LocalLlama Server
Winter Project 2025/26
ALUMINUM AND PLASTIC
The frame is built from 4040 aluminum extrusion and 3D printed brackets. I downloaded the corners from Thingiverse or Printables, the rest I designed for this project in TinkerCAD. Everything is custom. A little way into the project I invested in a filament dryer for the PETG spools and boy oh boy, it's one of the best $50 I ever spent. You can see the difference in print quality if you look at the two photos of feet, below.

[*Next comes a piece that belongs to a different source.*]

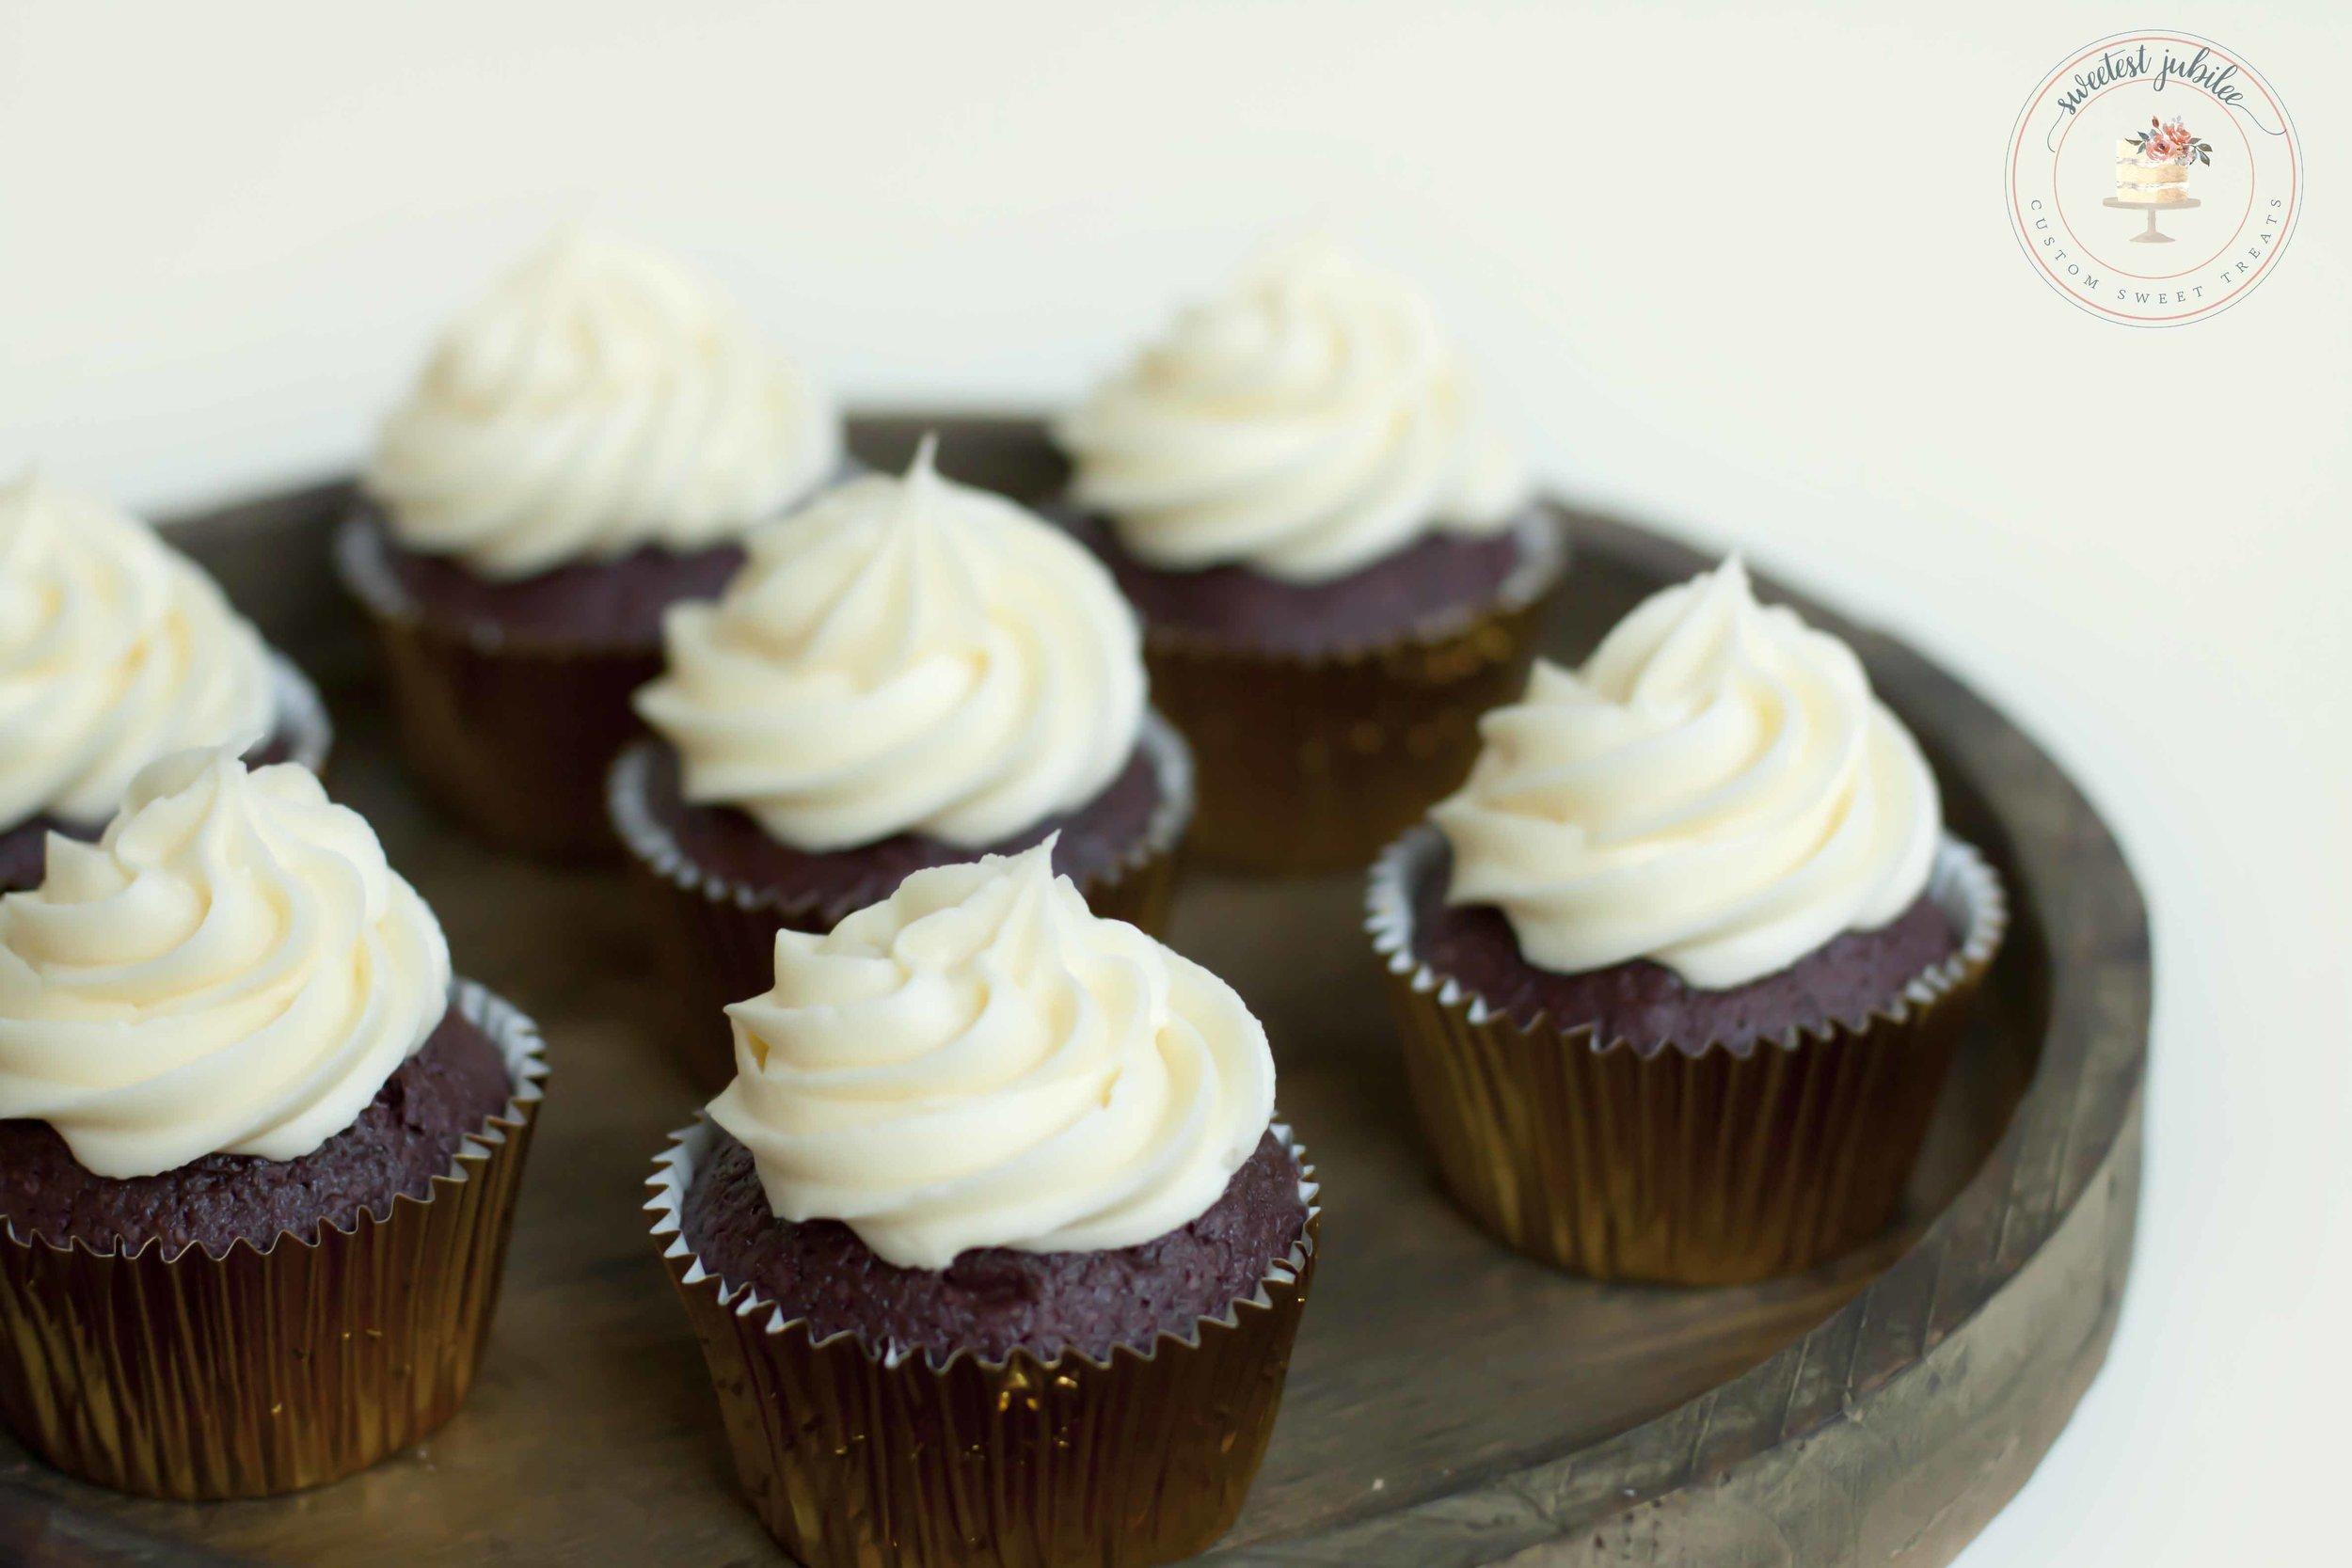 Belinda - cupcakes2.jpg

CREATING THE INTERNAL STRUCTURE
All the parts are black PETG. Threaded inserts are brass heat-press. Feet are squash balls pressed into PETG holders. The EVGA PSU is just for sizing; the real PSU (Superflower Leadex 2800W) was in use while the frame got built. The GPUs are hooked up via PCIe -> MCIO -> PCIe to maintain PCIe Gen5 x16 while running long lengths of cable. Risers would be useless here.
GPU MOUNTS
The idea is that the GPUs vent out the sides of the frame. To do that I made custom brackets. The CPU is an AMD APYC 9B45 128-core Zen5 with cooling from a Silverstone AIO system with upgraded Corsair RS120 Max fans. System RAM is 768GB in 12x 64GB DDR5 6400 MT/s Samsung ECC RDIMMs. SSDs are RAID with 2x 4TB Samsung 9100 PRO and 2x 8TB Samsung 9100 PRO, plus a shitty old 512GB SATA SSD doing boot device duty. The big black SSD heatsinks are silly and I love them. I added DRAM shrouds with 92mm Noctua Chromax fans because the RDIMMs were overheating and throttling. Now they stay chilly and fast. If you look carefully you can see the shround on the 3D printer - the line where a new spool of shitty undried PETG was added is clearly visible!! It was only a prototype so it didn't matter.
SSDs AND LED MATRIX
The SSDs (the ones without heatsink) are mounted in the direct airflow of one of the Chromax 200mm fans. The LED matrix is made from a pair of stacked 32x8 matrices bought from Amazon (https://www.amazon.com/dp/B0B771455N?th=1) with a vibe-coded library for controlling them. It can do scrolling text, static images, and even animated GIFs! The idea is to have it do WOPR-style graphics as it crunches LLMs. Heat is an issue. When doing training runs this server is basically a 2800W heater and the ambient temperature of my office quickly rises to the point where the system cannot keep itself cool simply by moving air. I added a portable minisplit to cool the office, for which I needed to design and build a window venting system! These are made of think insulating board with 3D-printed panels custom-sized to fit my window. Keeps everything nice and temperate.
FINISHED
I'll post some specs of it running LLMs and doing training, batch inference, etc. For now... just server porn.